Segment Open

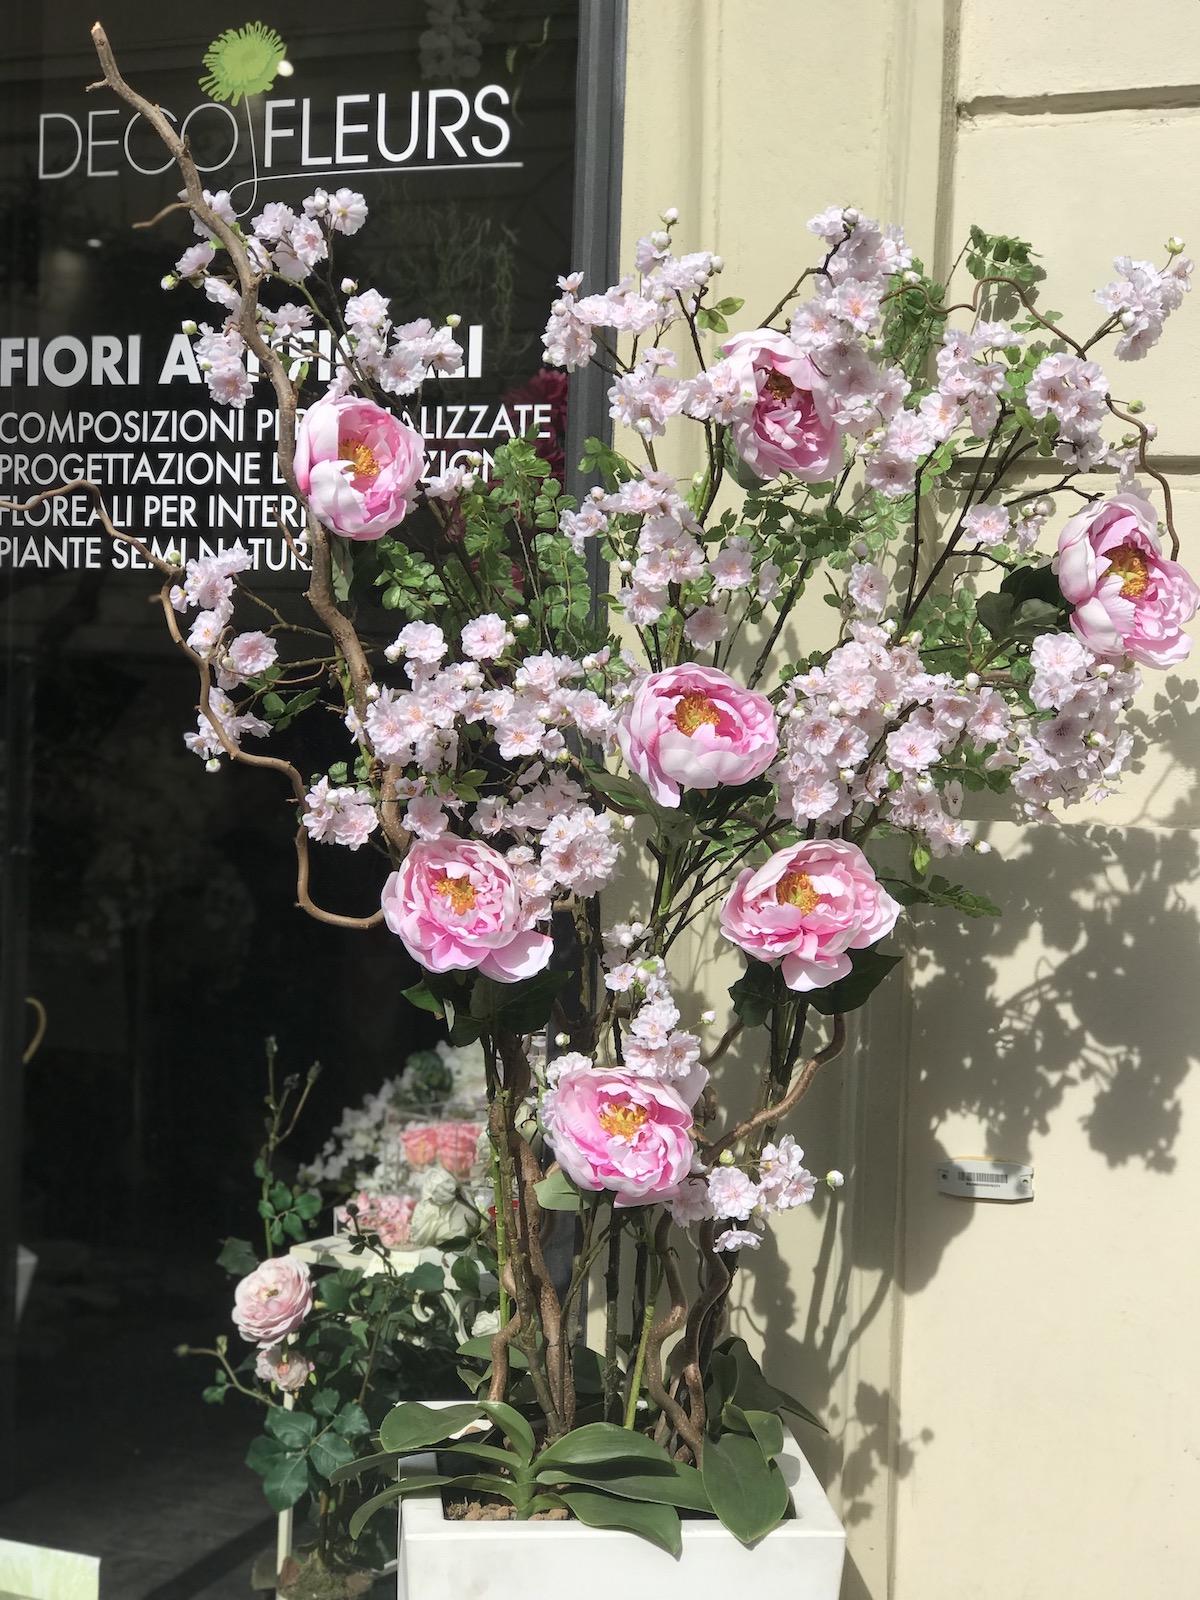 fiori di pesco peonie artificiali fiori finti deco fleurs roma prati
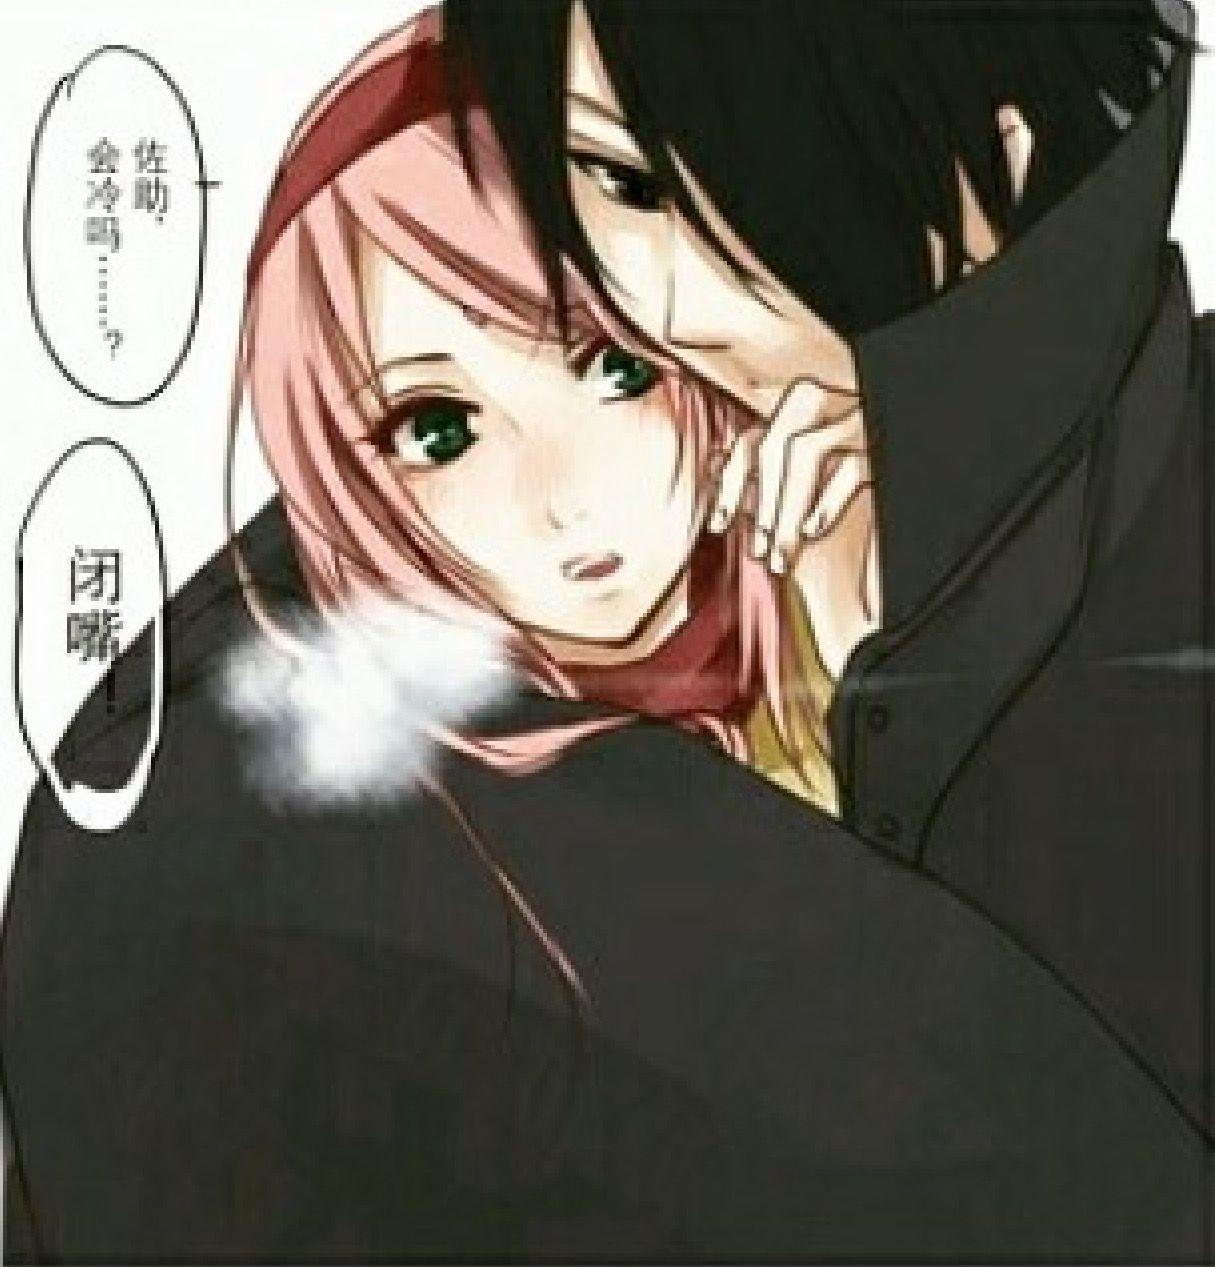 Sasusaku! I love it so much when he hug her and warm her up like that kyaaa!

Segment Closed
Segment Open

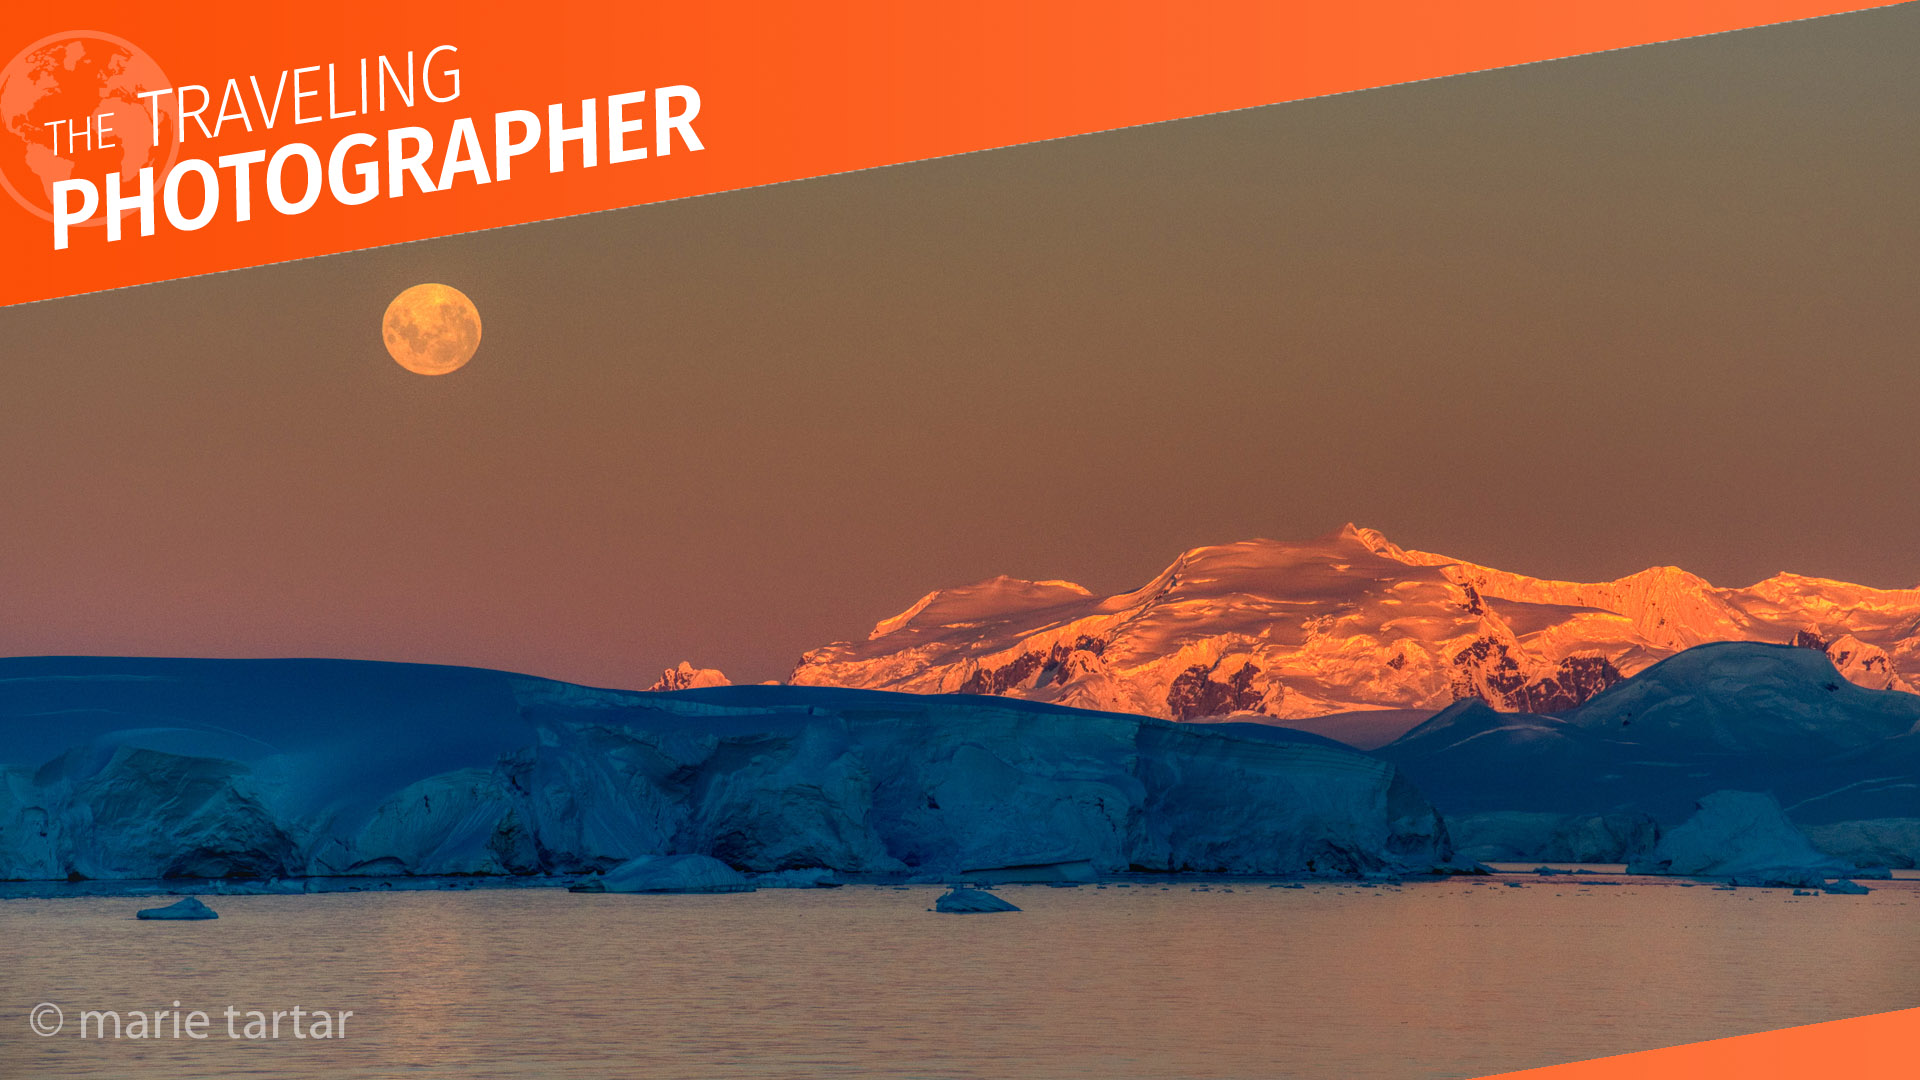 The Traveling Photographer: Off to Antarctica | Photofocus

Segment Closed

For the entries above, print exactly the lines between the one with "fiori di pesco" and the one with "Sasusaku! I love", inclusive, with no pictures.

 fiori di pesco peonie artificiali fiori finti deco fleurs roma prati
 Sasusaku! I love it so much when he hug her and warm her up like that kyaaa!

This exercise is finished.